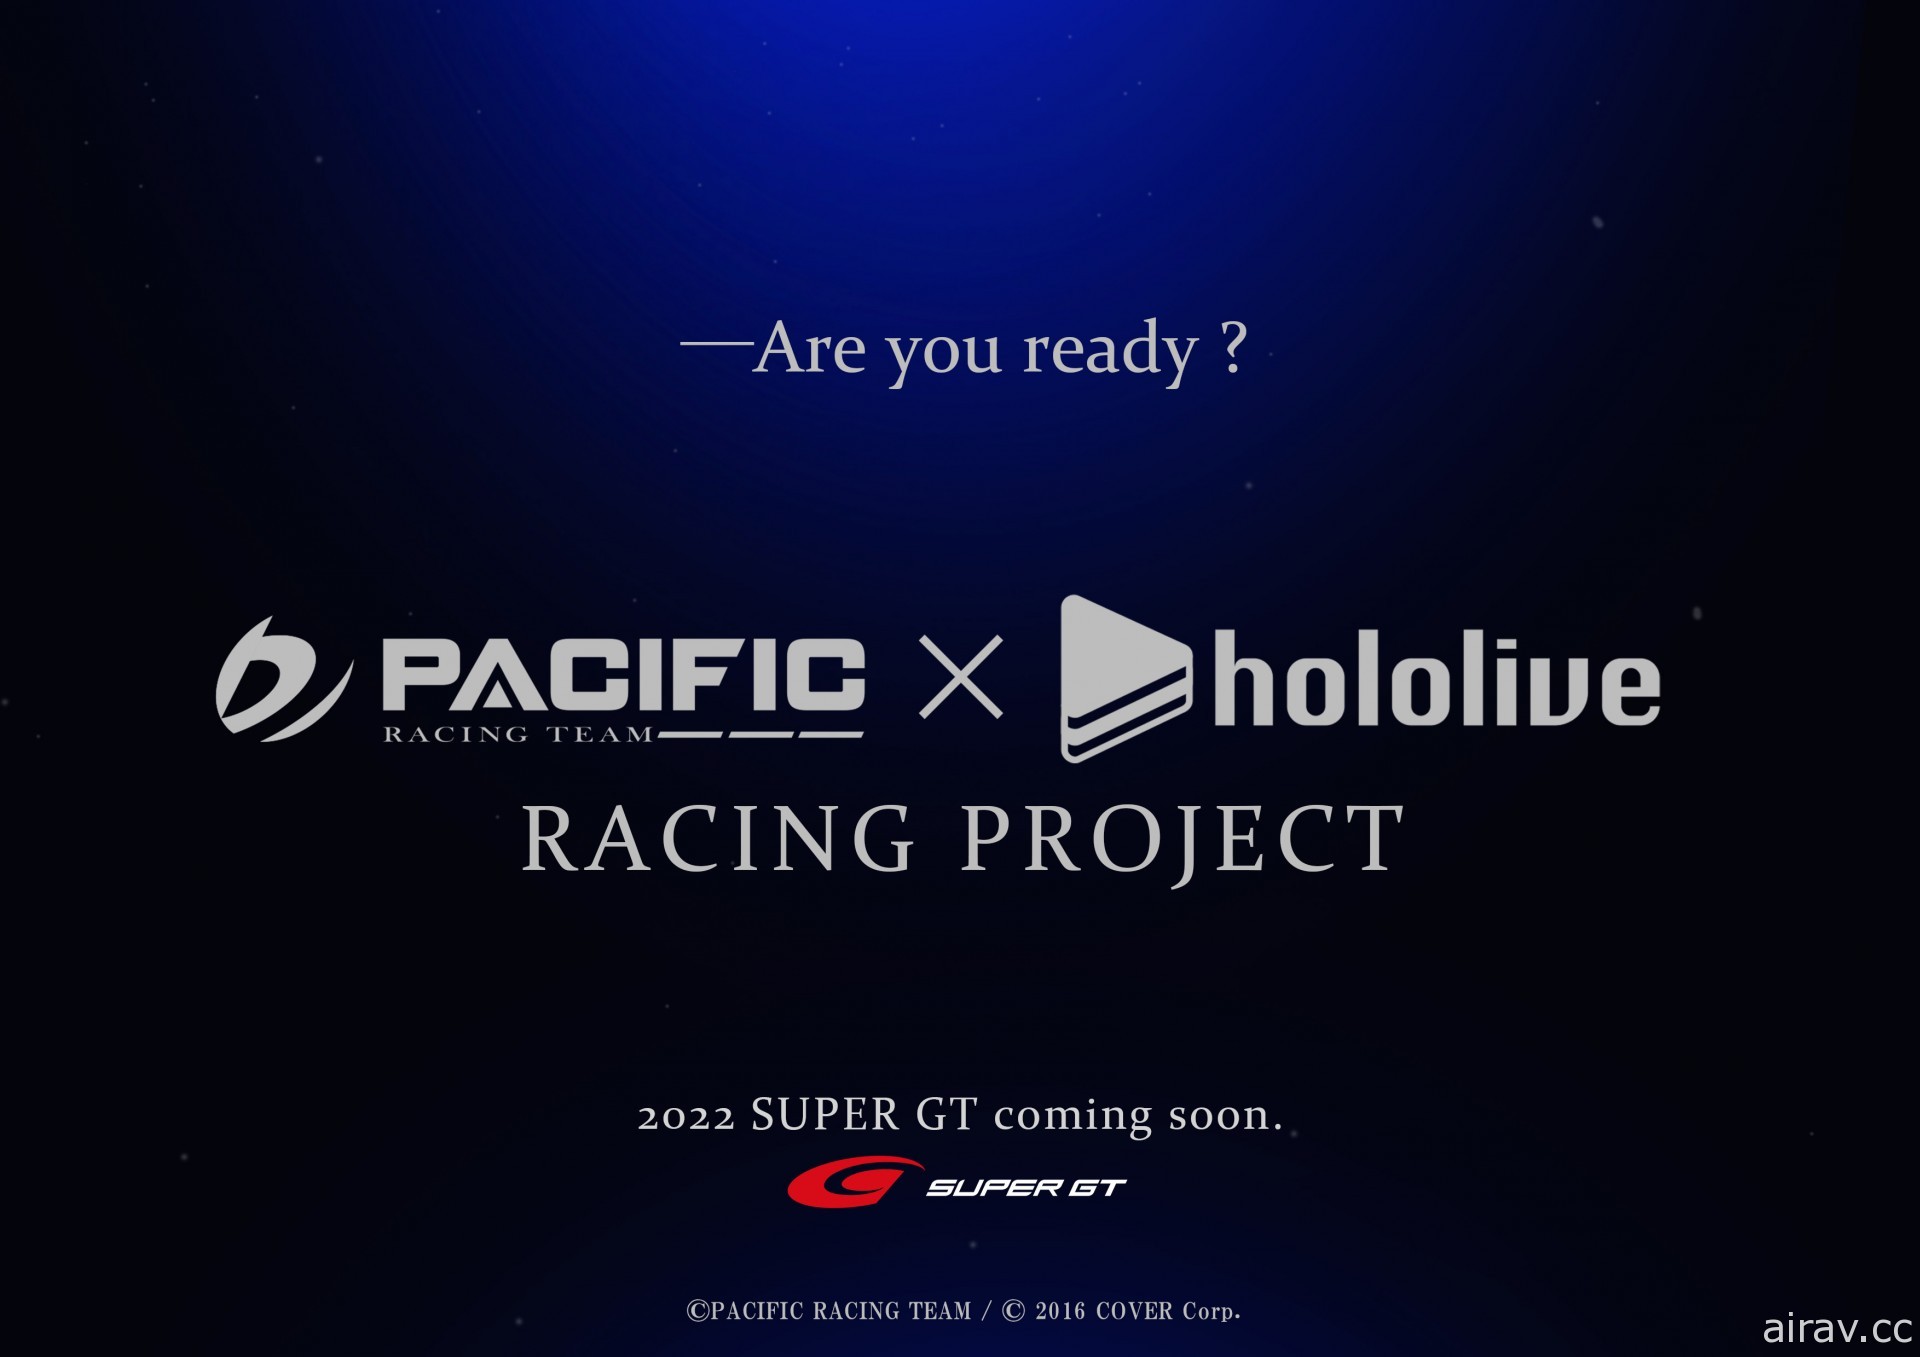 hololive 與 PACIFIC RACING TEAM 合作 宣布參戰「2022 SUPER GT」賽事
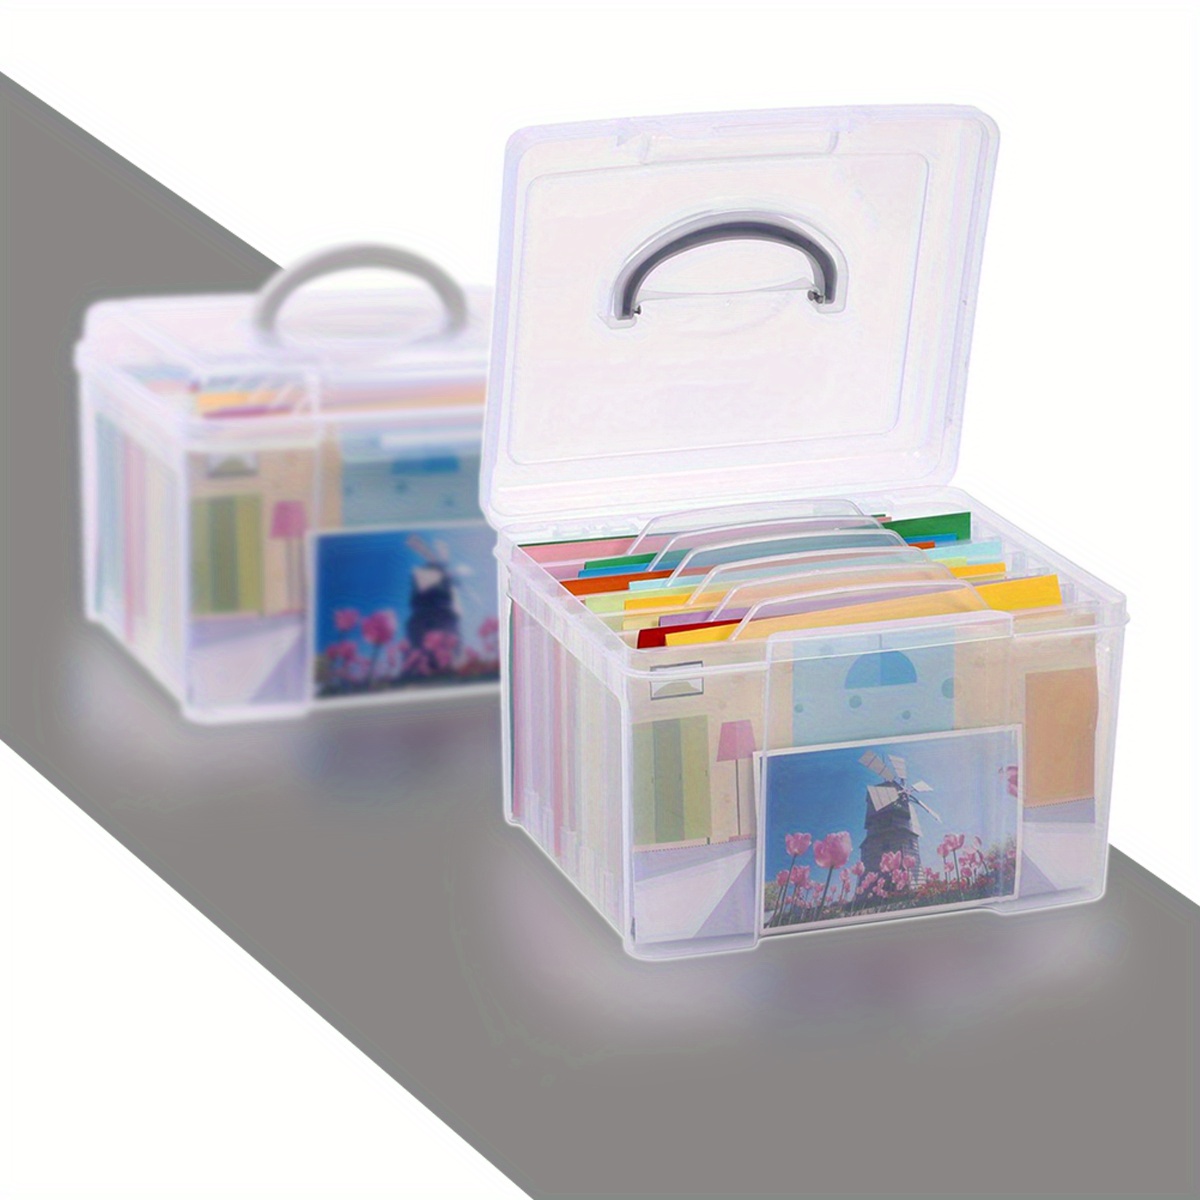 Transparent Clear Handle Boxes - TEM IMPORTS™
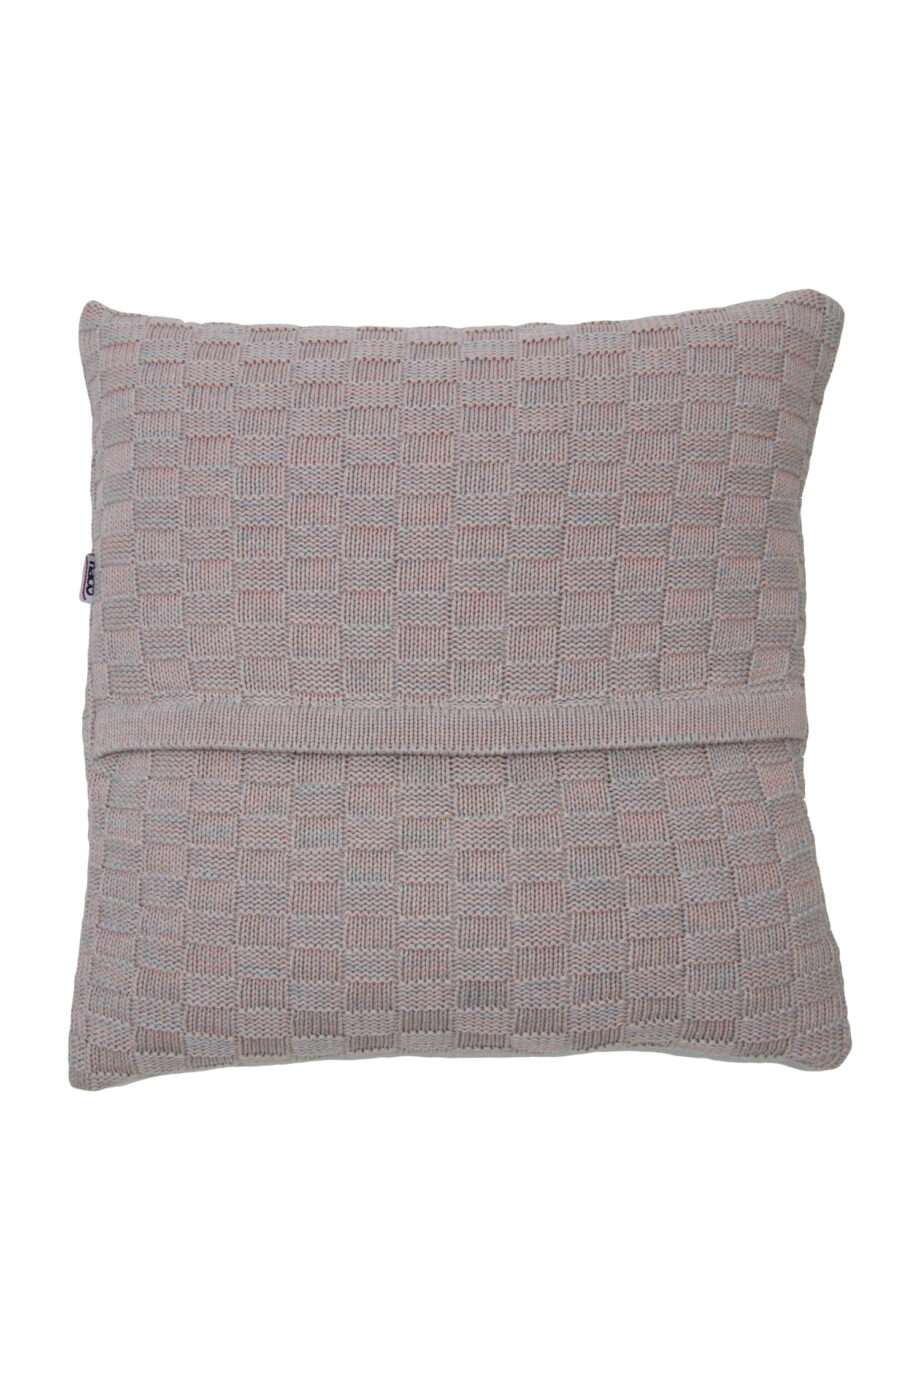 drops mêlée powder rose knitted cotton pillowcase xsmall
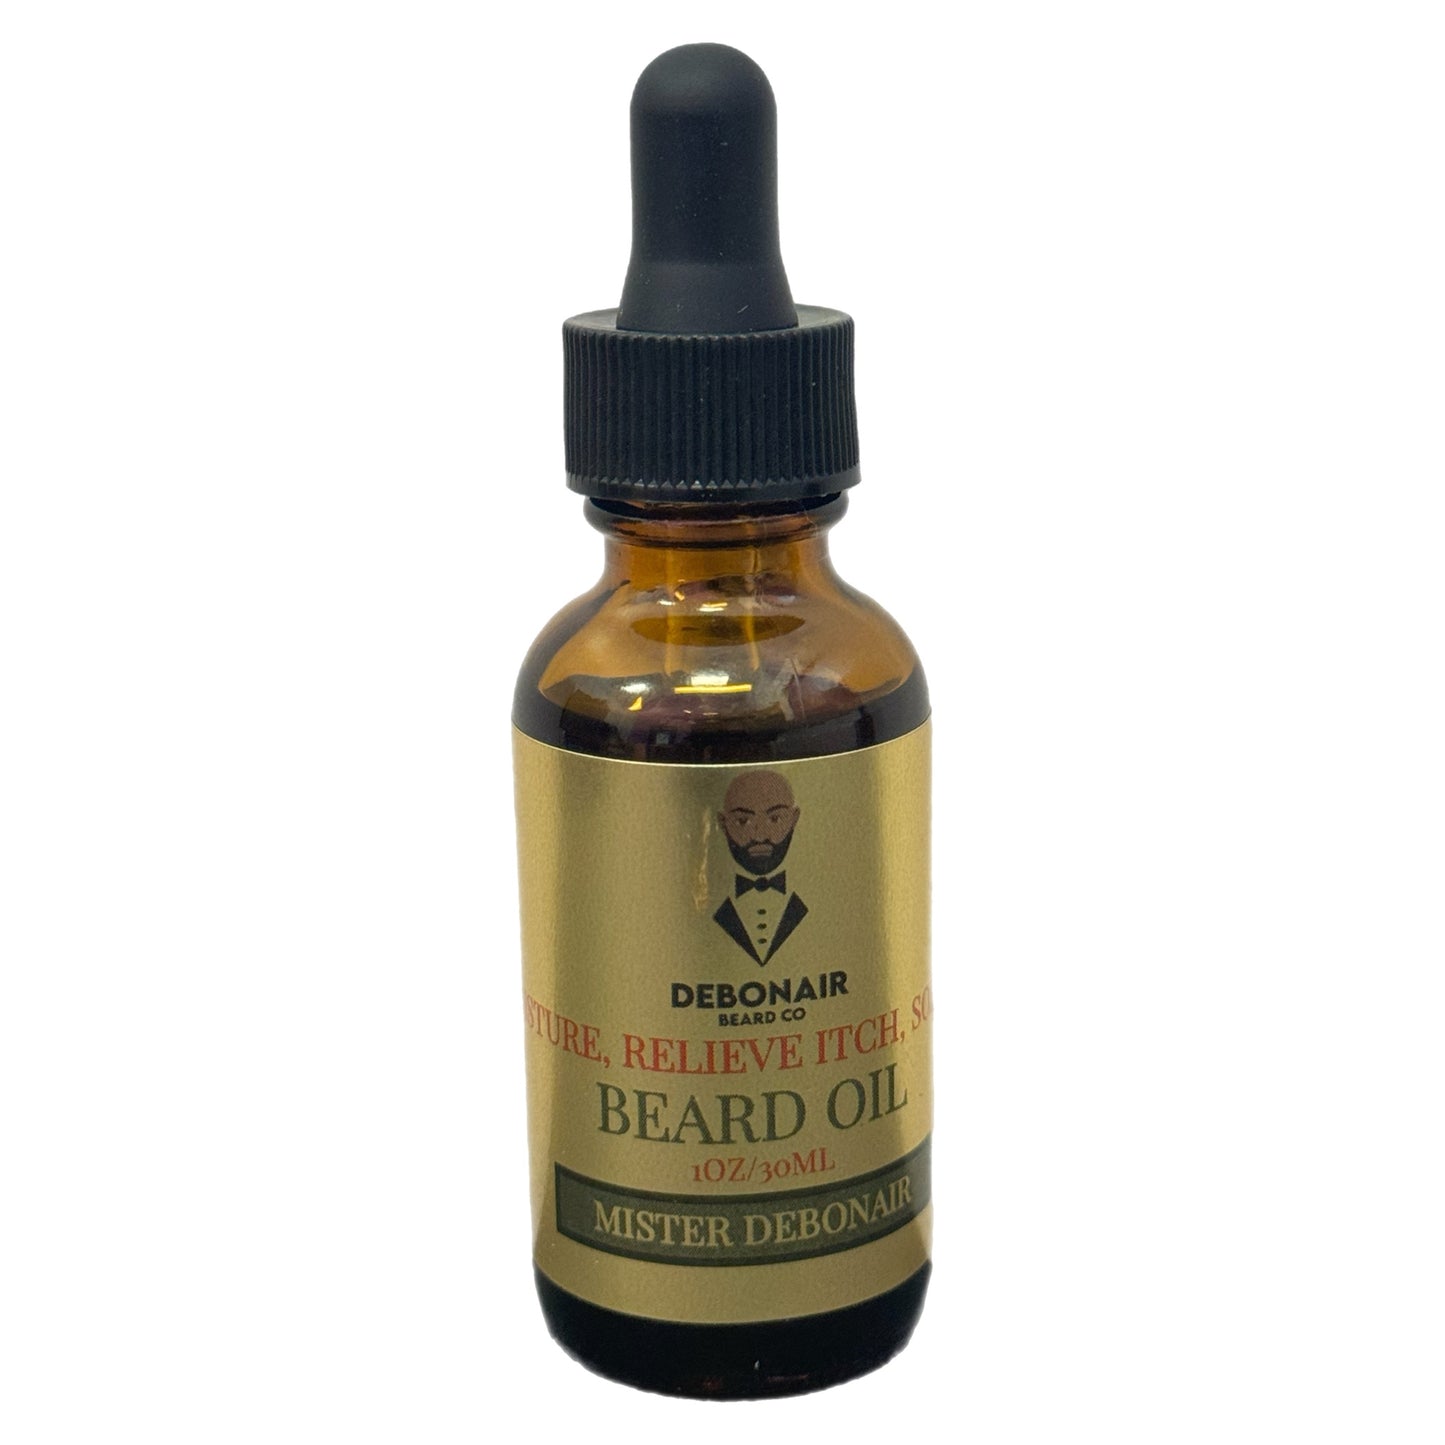 Beard Oil (Mister Debonair)

######

Your task | With pictures excluded, output the listing above exactly as it stands.

Worked solution |
 hololive 與 PACIFIC RACING TEAM 合作 宣布參戰「2022 SUPER GT」賽事
 Transparent Clear Handle Boxes - TEM IMPORTS™
 drops mêlée powder rose knitted cotton pillowcase xsmall
 Beard Oil (Mister Debonair)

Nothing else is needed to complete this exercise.